Input data:
━━━━━━━━━━━━━━━━━━━━━━━━━━━━━━

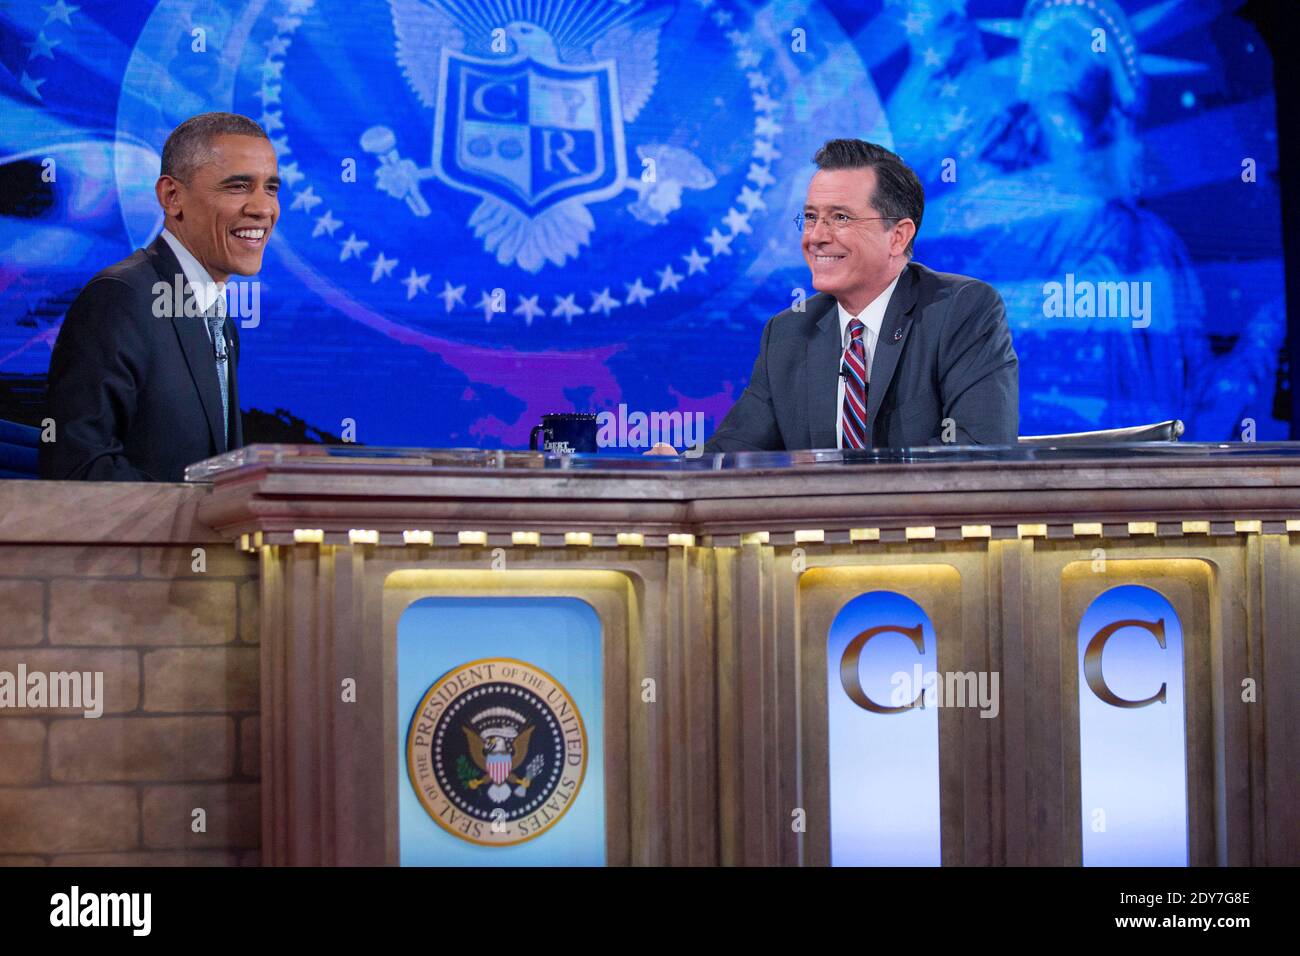 U.S. President Barack Obama, left, tapes Comedy Centrals The Colbert Report with television personality Stephen Colbert in Lisner Auditorium at George Washington University in Washington, DC, USA, on Monday, December 8, 2014. This is President Obamas third appearance on The Colbert Report that will broadcast its final show on December 18. Photo by Andrew Harrer/Pool/ABACAPRESS.COM Stock Photo
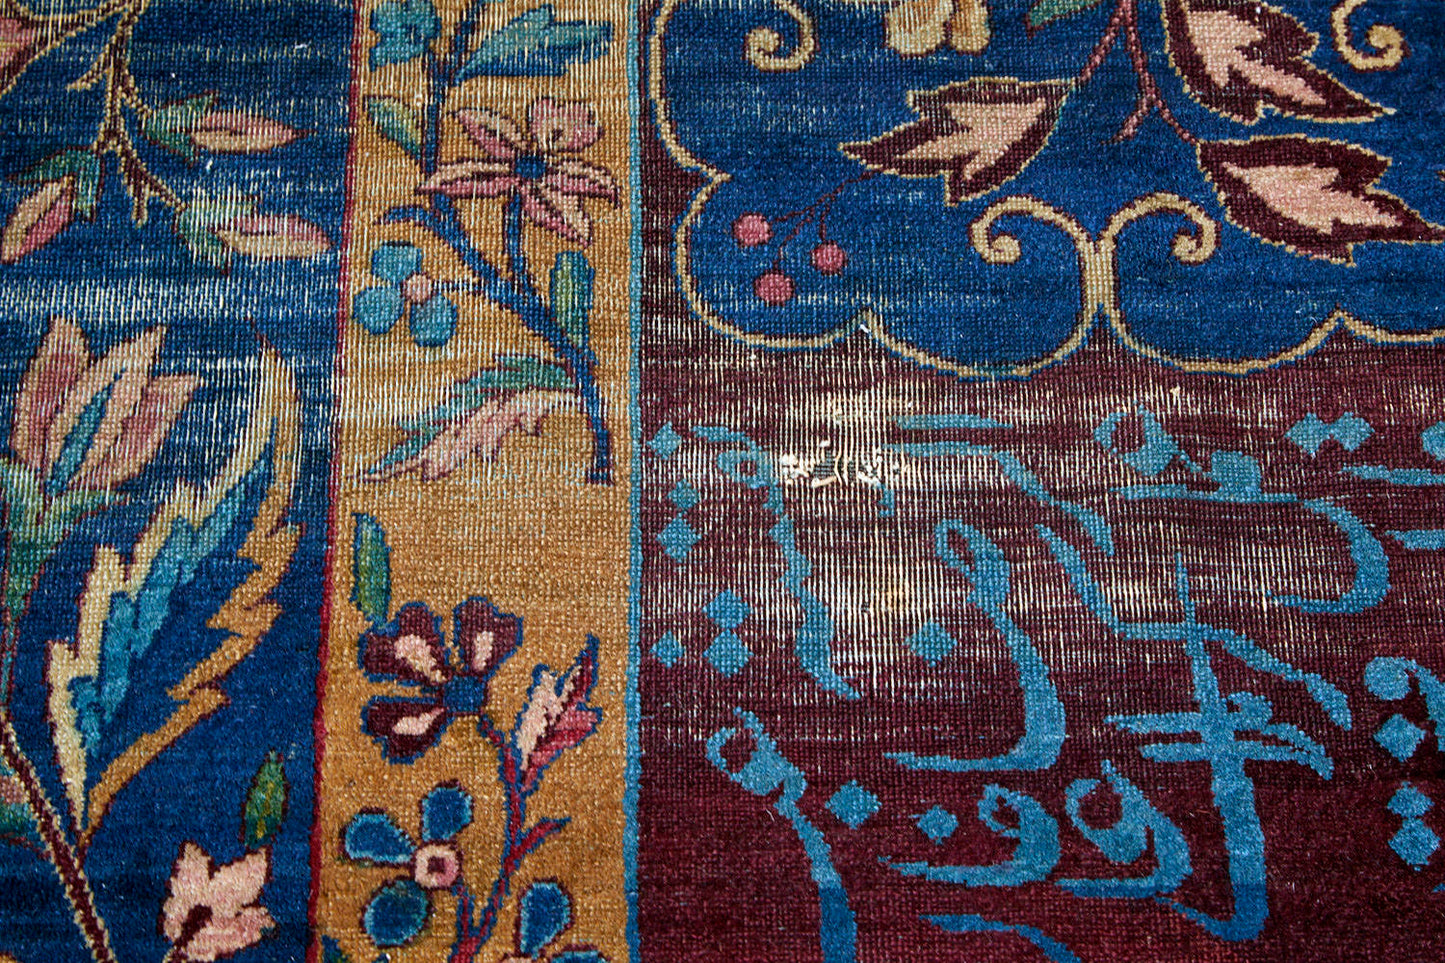 Blue Persian rug with gold and burgandy floral patterns and Arabic writing in the border, handwoven antique area rug - Available from King Kennedy Rugs Los Angeles
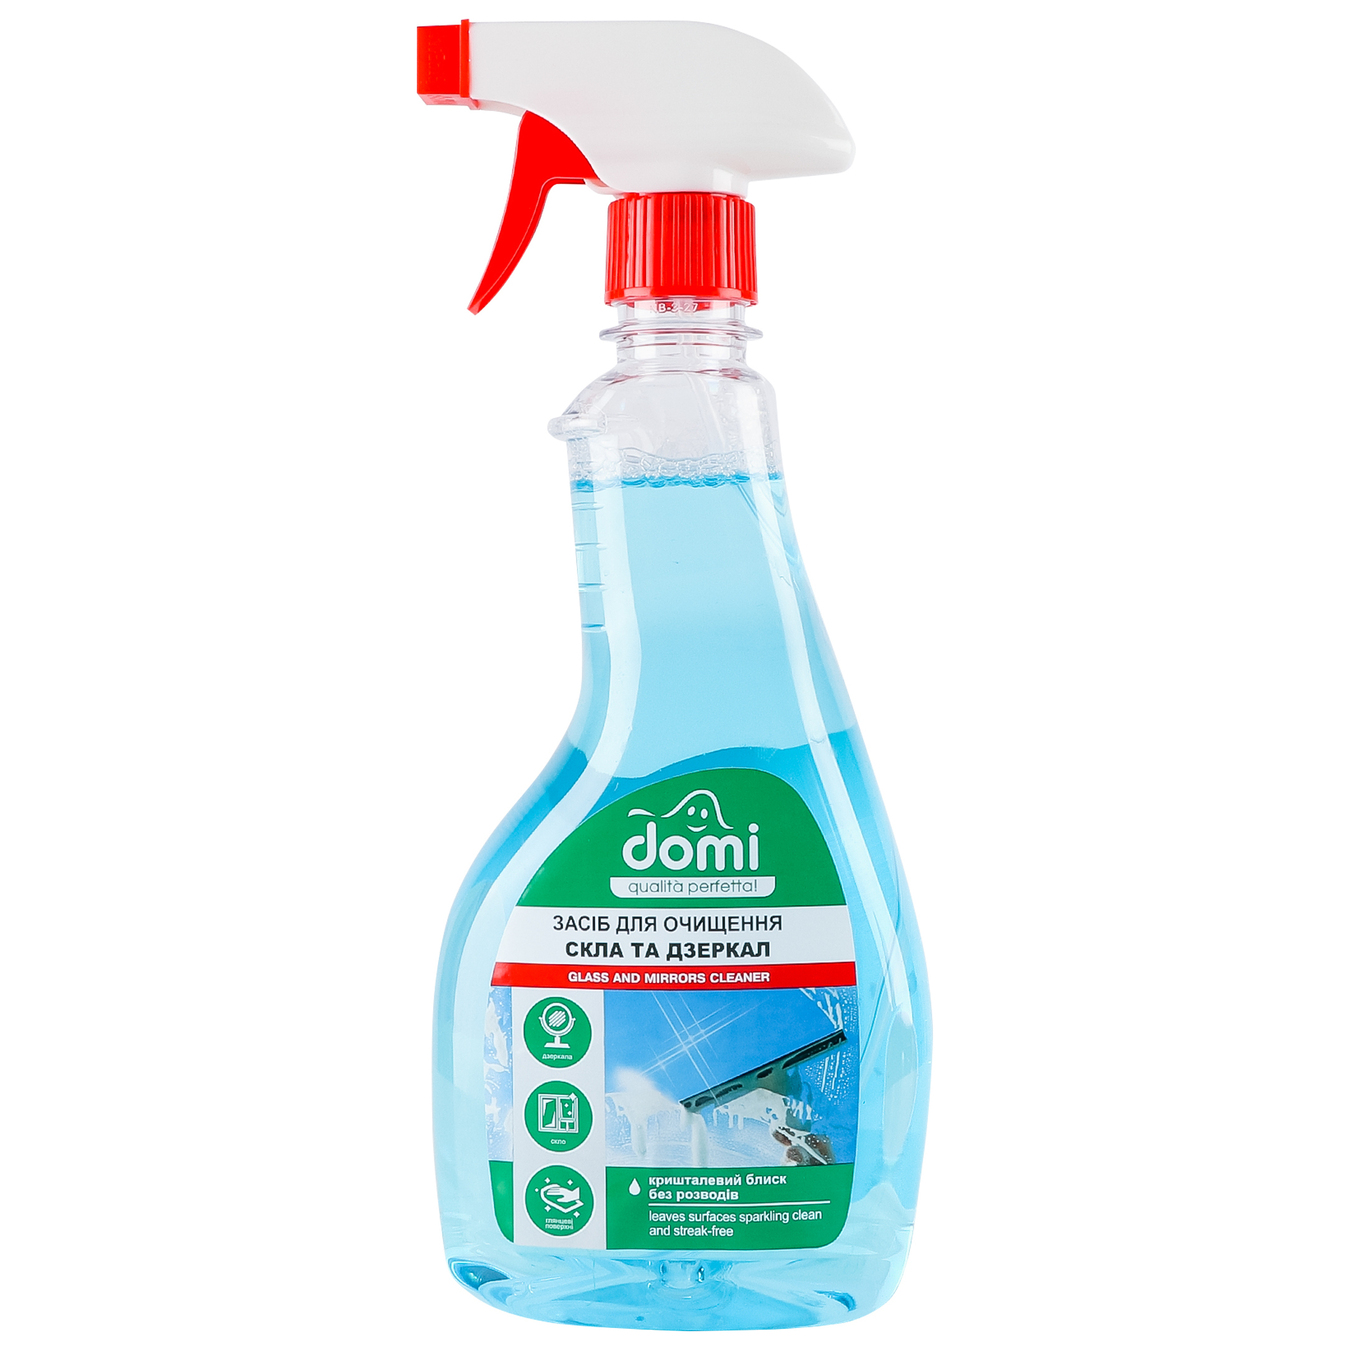 Glass and mirror cleaner Domi 500ml
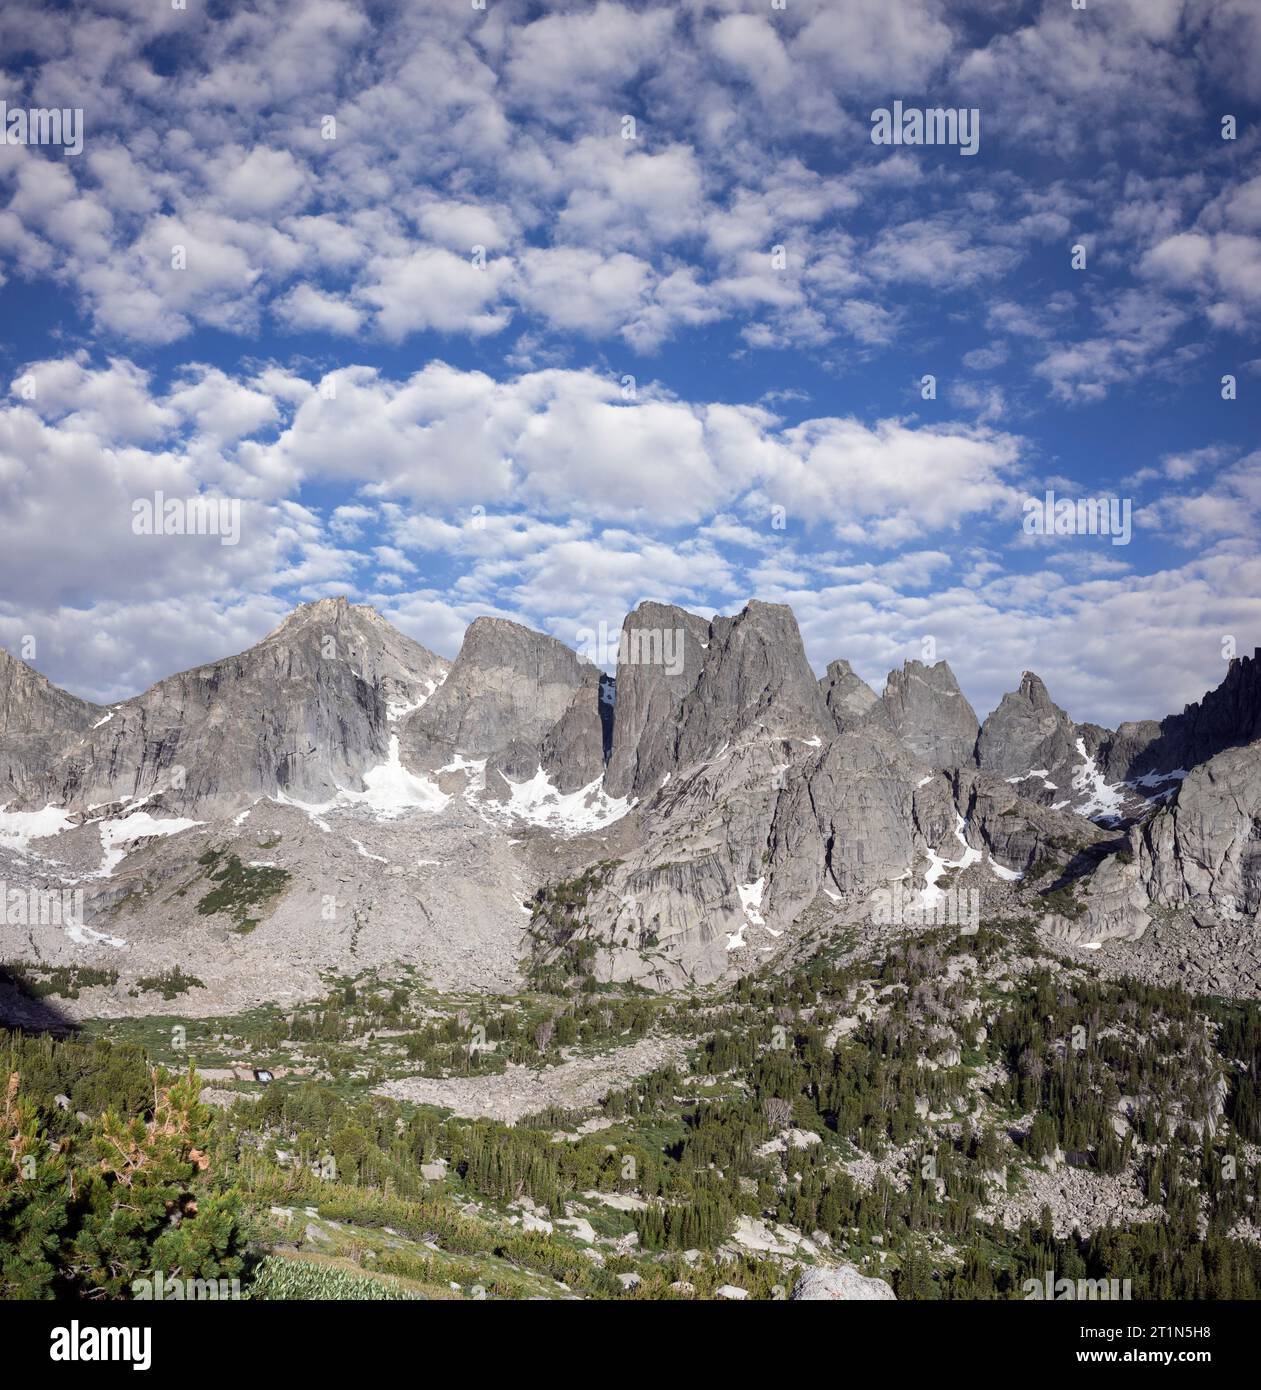 WY05449-00....WYOMING - Cirque of the Towers vom Jackass Pass, Popo Agie Wilderness, Shoshone National Forest. Stockfoto
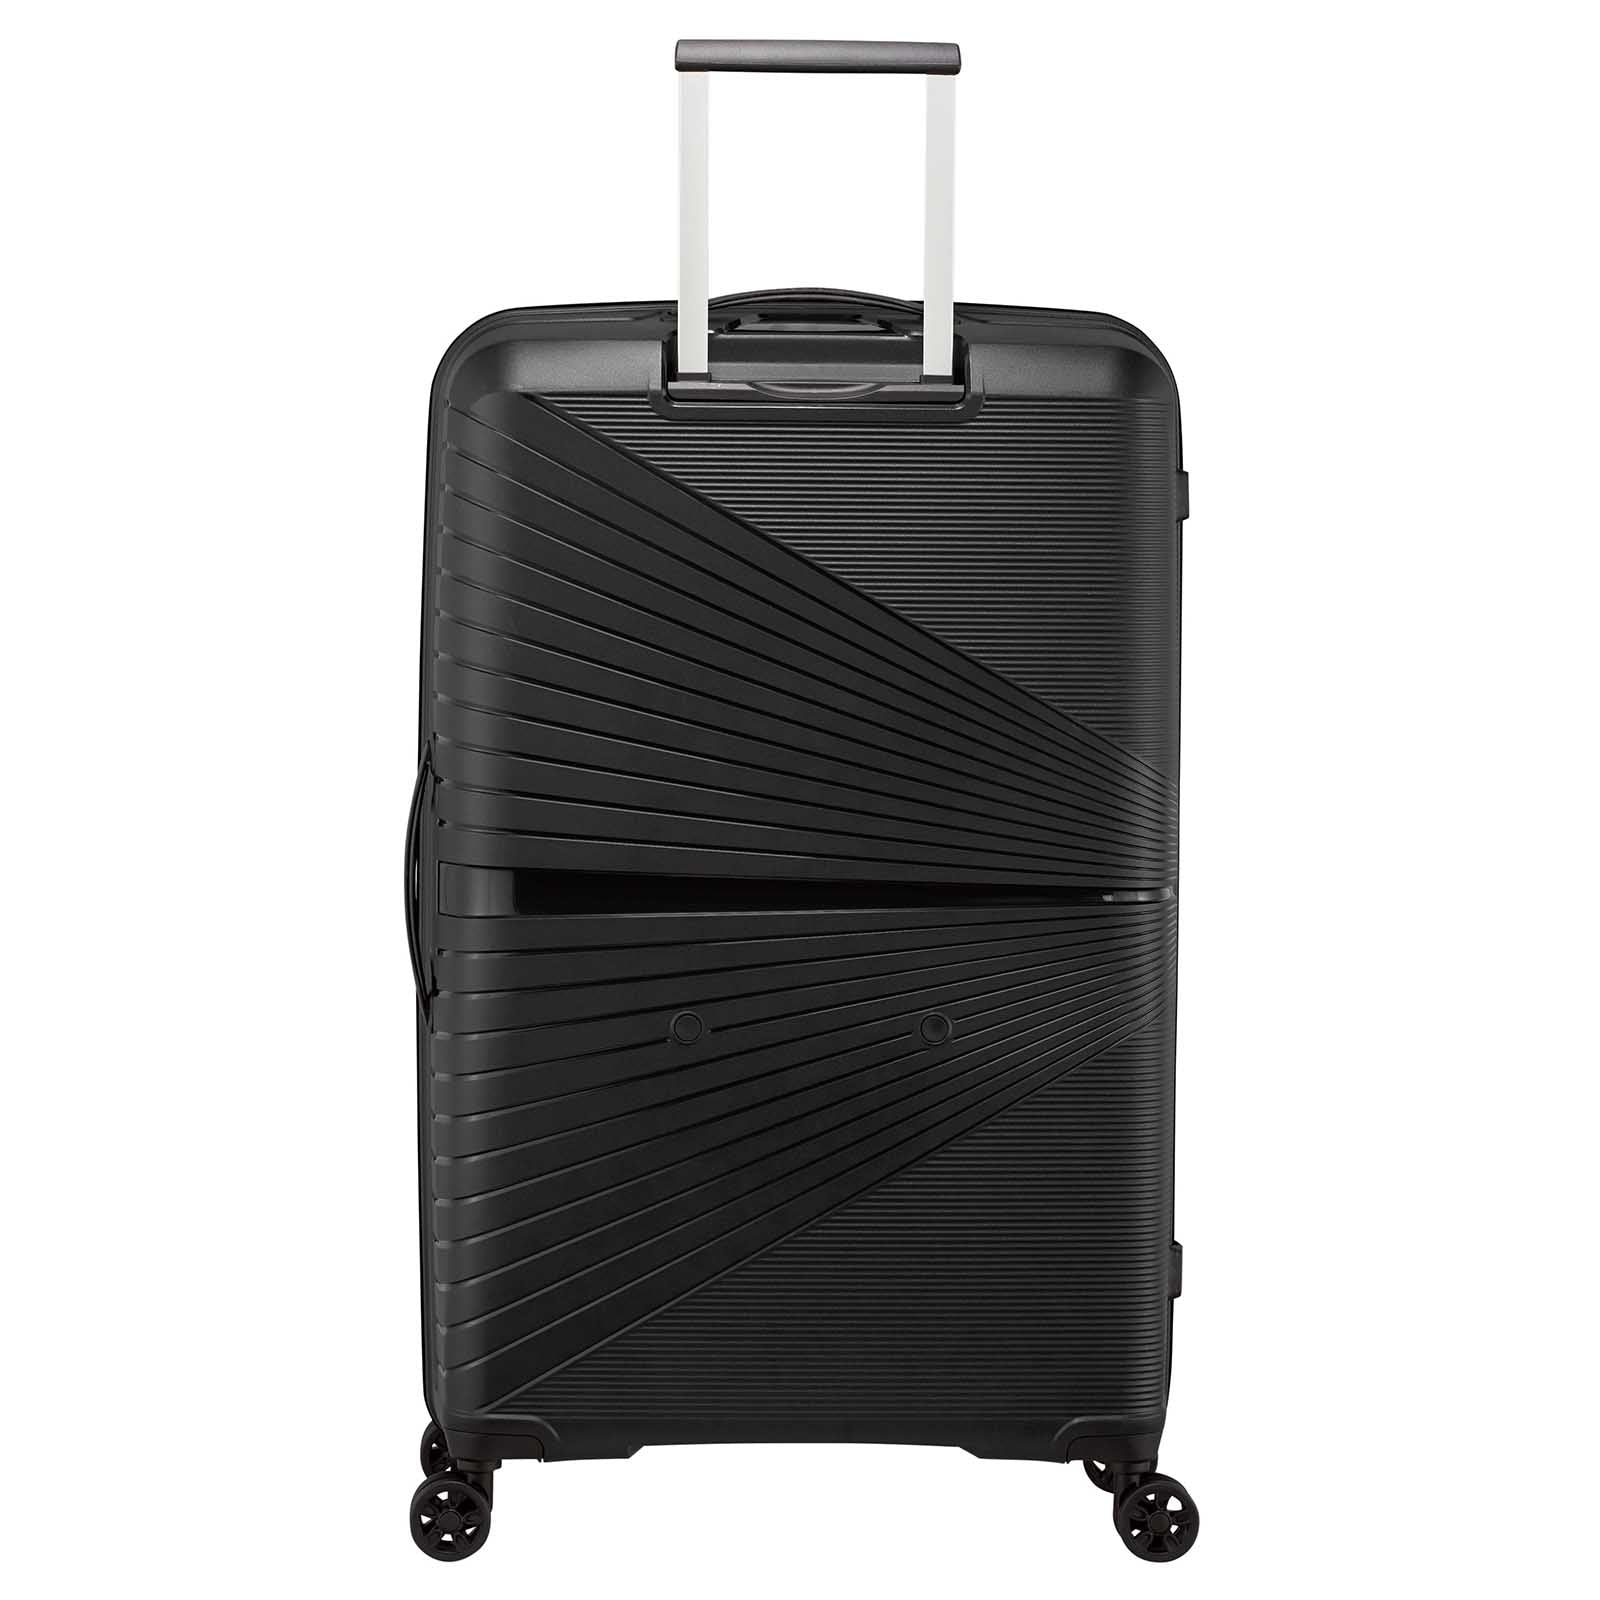 American-Tourister-Airconic-77cm-Suitcase-Onyx-Black-Back

━━━━━━━━━━━━━━━━━━━━━━━━━━━━━━

What needs to be done:
Every entry in the listing is to be duplicated precisely, except for its pictures.

Answer for this exercise:
 U.S. President Barack Obama, left, tapes Comedy Centrals The Colbert Report with television personality Stephen Colbert in Lisner Auditorium at George Washington University in Washington, DC, USA, on Monday, December 8, 2014. This is President Obamas third appearance on The Colbert Report that will broadcast its final show on December 18. Photo by Andrew Harrer/Pool/ABACAPRESS.COM Stock Photo
 Blue Persian rug with gold and burgandy floral patterns and Arabic writing in the border, handwoven antique area rug - Available from King Kennedy Rugs Los Angeles
 Glass and mirror cleaner Domi 500ml
 WY05449-00....WYOMING - Cirque of the Towers vom Jackass Pass, Popo Agie Wilderness, Shoshone National Forest. Stockfoto
 American-Tourister-Airconic-77cm-Suitcase-Onyx-Black-Back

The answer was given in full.